Brief:
Exactly the lines from the opening of the data through the line containing "Gadäwäg Klosters" should be reproduced, please, with nothing added.

=== Provided information ===

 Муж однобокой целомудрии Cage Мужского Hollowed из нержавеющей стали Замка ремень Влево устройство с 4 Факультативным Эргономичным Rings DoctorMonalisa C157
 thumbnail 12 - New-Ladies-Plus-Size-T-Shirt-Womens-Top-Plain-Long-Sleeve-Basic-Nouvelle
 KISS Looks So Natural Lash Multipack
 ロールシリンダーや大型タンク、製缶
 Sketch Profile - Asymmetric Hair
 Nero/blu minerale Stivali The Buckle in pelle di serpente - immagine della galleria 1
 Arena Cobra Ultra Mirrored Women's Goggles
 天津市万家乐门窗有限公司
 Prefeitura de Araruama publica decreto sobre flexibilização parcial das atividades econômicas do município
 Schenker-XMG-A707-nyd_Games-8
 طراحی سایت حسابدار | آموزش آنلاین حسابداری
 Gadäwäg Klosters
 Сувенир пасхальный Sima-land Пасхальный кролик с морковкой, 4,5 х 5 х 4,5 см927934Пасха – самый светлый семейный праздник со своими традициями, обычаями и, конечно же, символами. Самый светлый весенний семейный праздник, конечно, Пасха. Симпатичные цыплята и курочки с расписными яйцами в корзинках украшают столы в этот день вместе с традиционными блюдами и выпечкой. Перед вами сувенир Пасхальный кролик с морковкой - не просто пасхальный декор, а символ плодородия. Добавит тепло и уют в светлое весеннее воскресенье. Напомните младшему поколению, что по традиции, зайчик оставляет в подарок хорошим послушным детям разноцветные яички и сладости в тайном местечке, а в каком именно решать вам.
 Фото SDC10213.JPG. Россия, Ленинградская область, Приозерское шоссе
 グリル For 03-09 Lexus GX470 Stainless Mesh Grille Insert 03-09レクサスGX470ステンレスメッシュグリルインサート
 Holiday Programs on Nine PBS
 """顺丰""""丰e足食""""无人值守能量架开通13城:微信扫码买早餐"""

===

Output of the task:
 Муж однобокой целомудрии Cage Мужского Hollowed из нержавеющей стали Замка ремень Влево устройство с 4 Факультативным Эргономичным Rings DoctorMonalisa C157
 thumbnail 12 - New-Ladies-Plus-Size-T-Shirt-Womens-Top-Plain-Long-Sleeve-Basic-Nouvelle
 KISS Looks So Natural Lash Multipack
 ロールシリンダーや大型タンク、製缶
 Sketch Profile - Asymmetric Hair
 Nero/blu minerale Stivali The Buckle in pelle di serpente - immagine della galleria 1
 Arena Cobra Ultra Mirrored Women's Goggles
 天津市万家乐门窗有限公司
 Prefeitura de Araruama publica decreto sobre flexibilização parcial das atividades econômicas do município
 Schenker-XMG-A707-nyd_Games-8
 طراحی سایت حسابدار | آموزش آنلاین حسابداری
 Gadäwäg Klosters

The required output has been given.